Generating blatant disinformation (lies) intended to propagate hate, fear, and dangerous conspiracy theories demonizing members of historically marginalized groups is a familiar strategy for consolidating power and distracting from other real issues. X’s decreasing interest in enforcing their own policies, and their retraction of previous LGBTQ policy protections, resulted in a record-low score of 33% in GLAAD’s 2023 Social Media Safety Index report in July. (I serve on the advisory committee of GLAAD’s Social Media Safety Program, the organization’s platform accountability initiative).

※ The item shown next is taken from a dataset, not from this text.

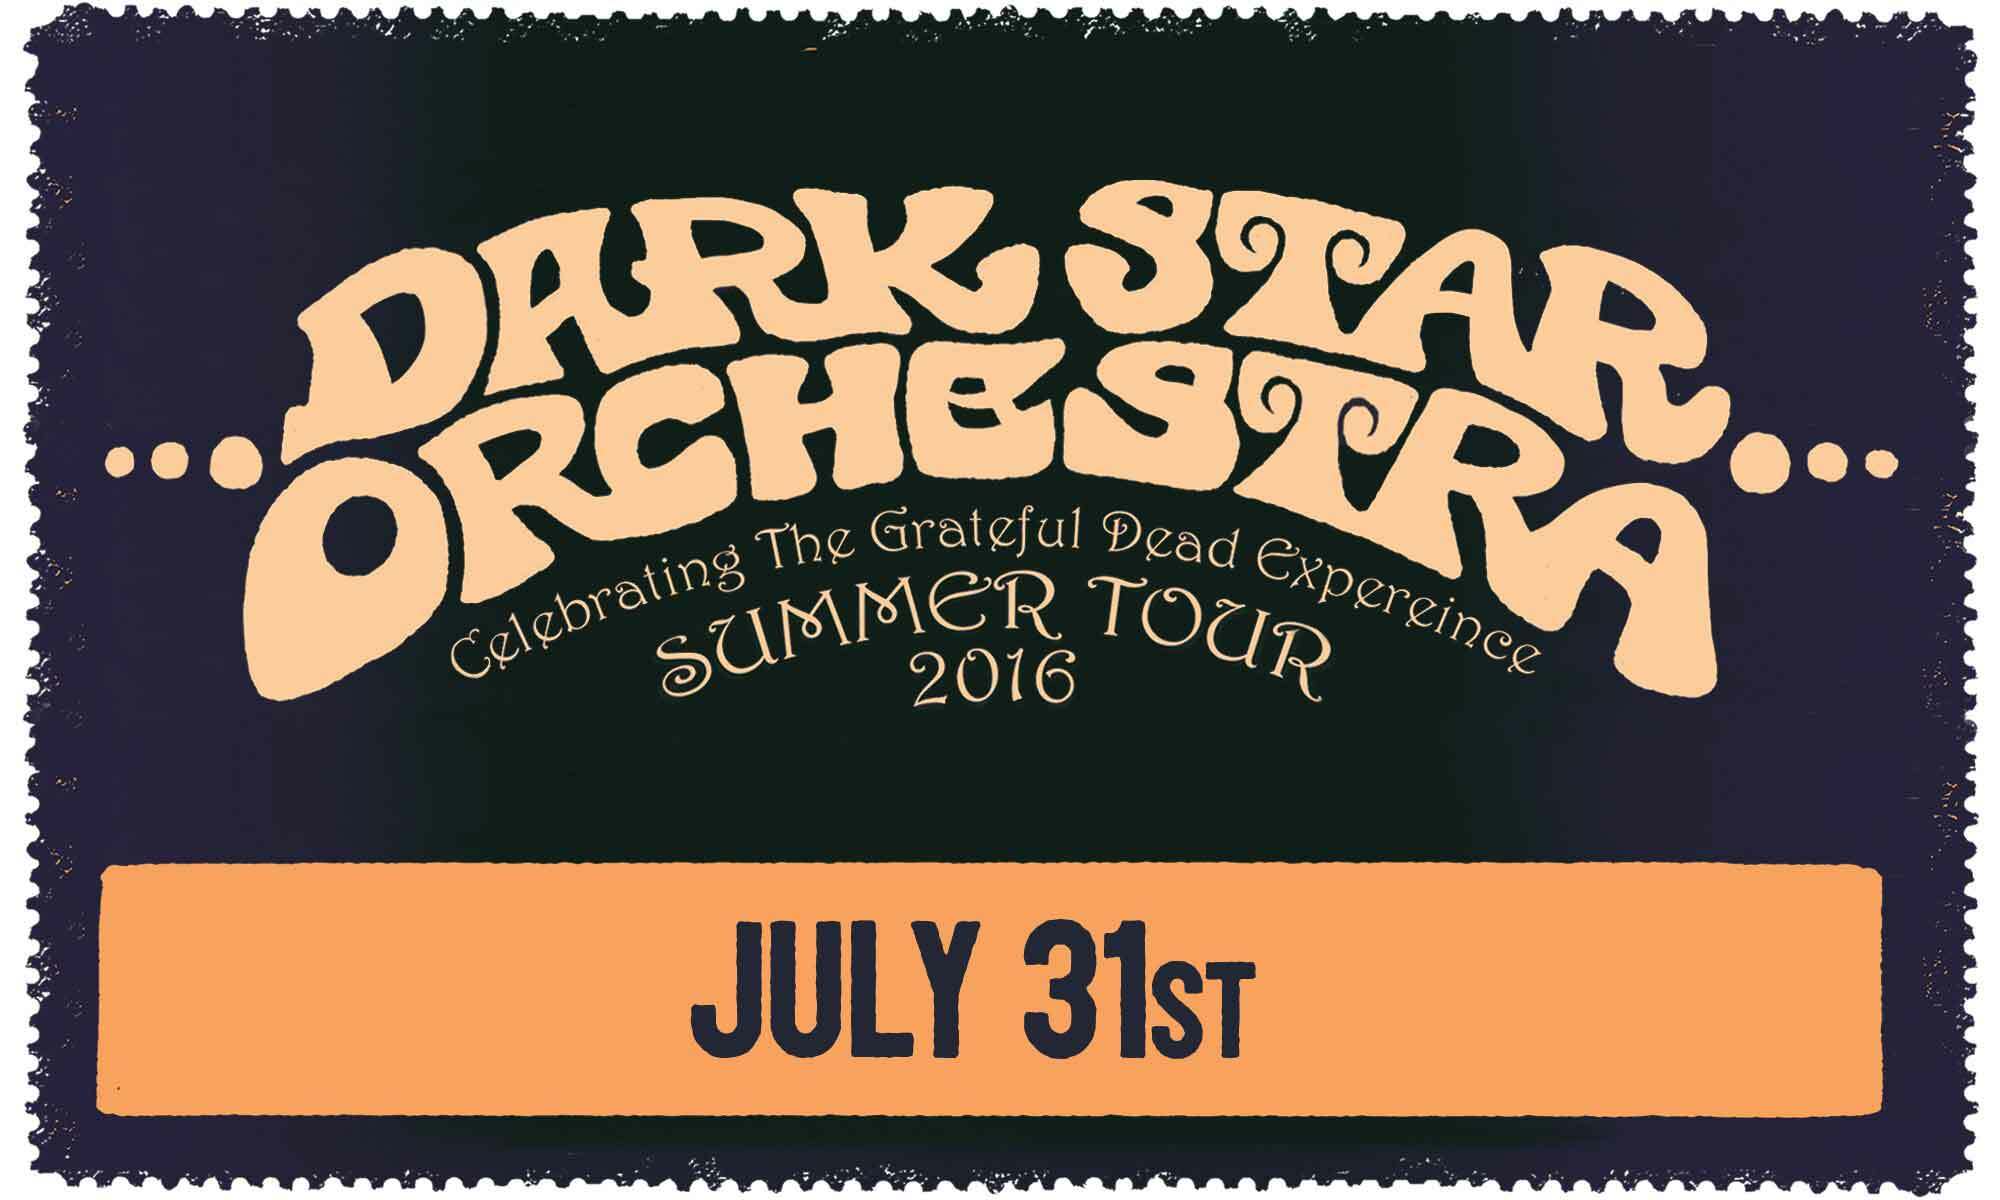 Dark Star Orchestra Live Concert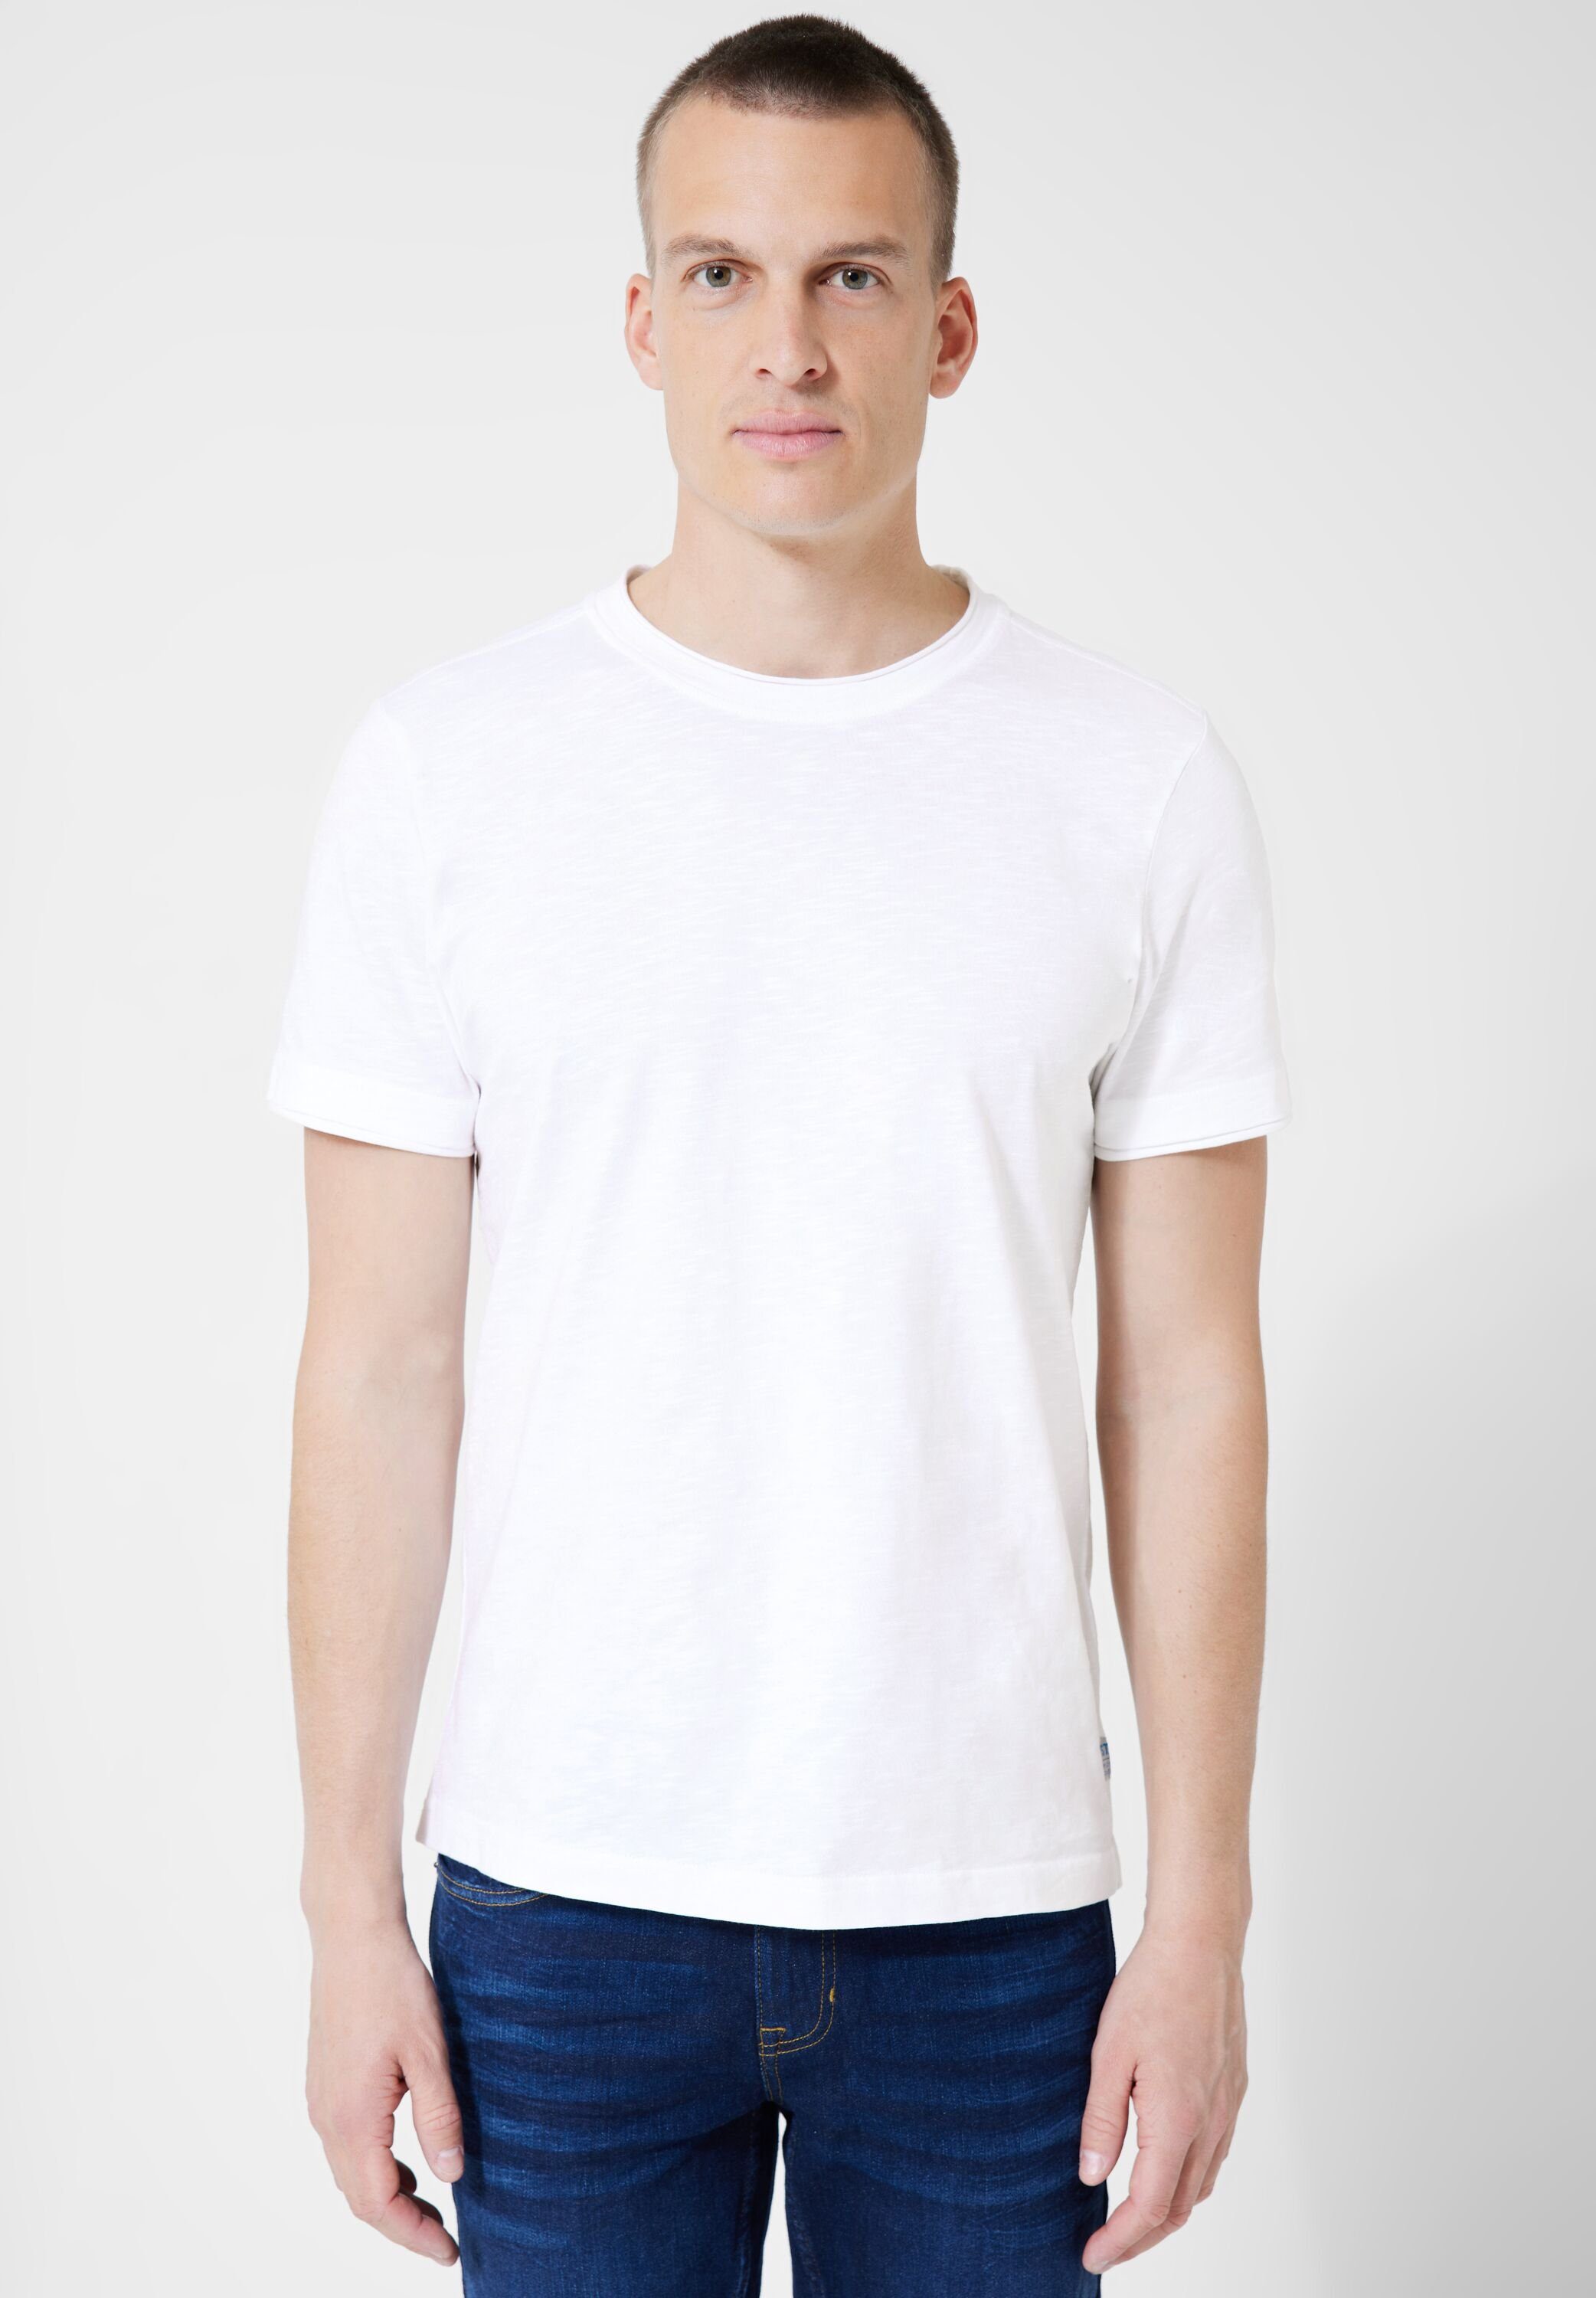 STREET Unifarbe White in ONE MEN T-Shirt

Thankfully, the anti-LGBTQ atmosphere of X is not in alignment with the basic values of most Americans. In GLAAD’s 2023 Accelerating Acceptance report, a super-majority of 91% of non-LGBTQ Americans expressed that LGBTQ people should have the freedom to live our lives and not be discriminated against. In that same survey, 86% of respondents agree that exposure to online hate content leads to real-world violence. A 2022 report from GLAAD, UltraViolet, Women’s March, and Kairos showed that a majority of Americans report seeing online threats of violence based on race, gender or sexuality and said they also experience harm by witnessing harassment against their communities, even when the posts aren’t about them individually. All of which begs the question, just who does X imagine its product is therefore intended to serve? And which brands would find this environment a palatable one in which to advertise their products, much less to even be associated with?
On October 27, the one-year change-of-ownership anniversary, Twitter’s hateful conduct policy still includes the standard list of protected categories (“You may not attack other people on the basis of race, ethnicity, national origin, caste, sexual orientation, gender, gender identity, religious affiliation, age, disability, or serious disease.”) The policy also still claims: “We prohibit behavior that targets individuals or groups with abuse based on their perceived membership in a protected category.”
X’s CEO Linda Yaccarino claims that hate speech is under control on the platform, but, since the company changed ownership last fall and Yaccarino joined as CEO, ADL and Center for Countering Digital Hate documented more antisemitic speech, Color of Change documented more racist speech, and an audit by Center for Countering Digital Hate and HRC found that Twitter failed to act on 99% of the 100 hateful tweets reported by researchers after it had stated ‘grooming’ slurs were against its policies.
Indeed, X’s own employment practices belie any claimed commitment to enforcing their own rules. Due to the decimation of their Trust and Safety teams, and the ongoing behavior of X’s owner in targeting “individuals and groups with abuse based on their perceived membership in a protected category,” it’s not surprising that both users and advertisers now experience the platform as neither trustworthy nor safe.
Sarah T. Roberts is a UCLA Associate Professor of Information Studies who specializes in social media content moderation. She is an expert in the areas of internet culture, social media, digital labor, and the intersections of media and technology.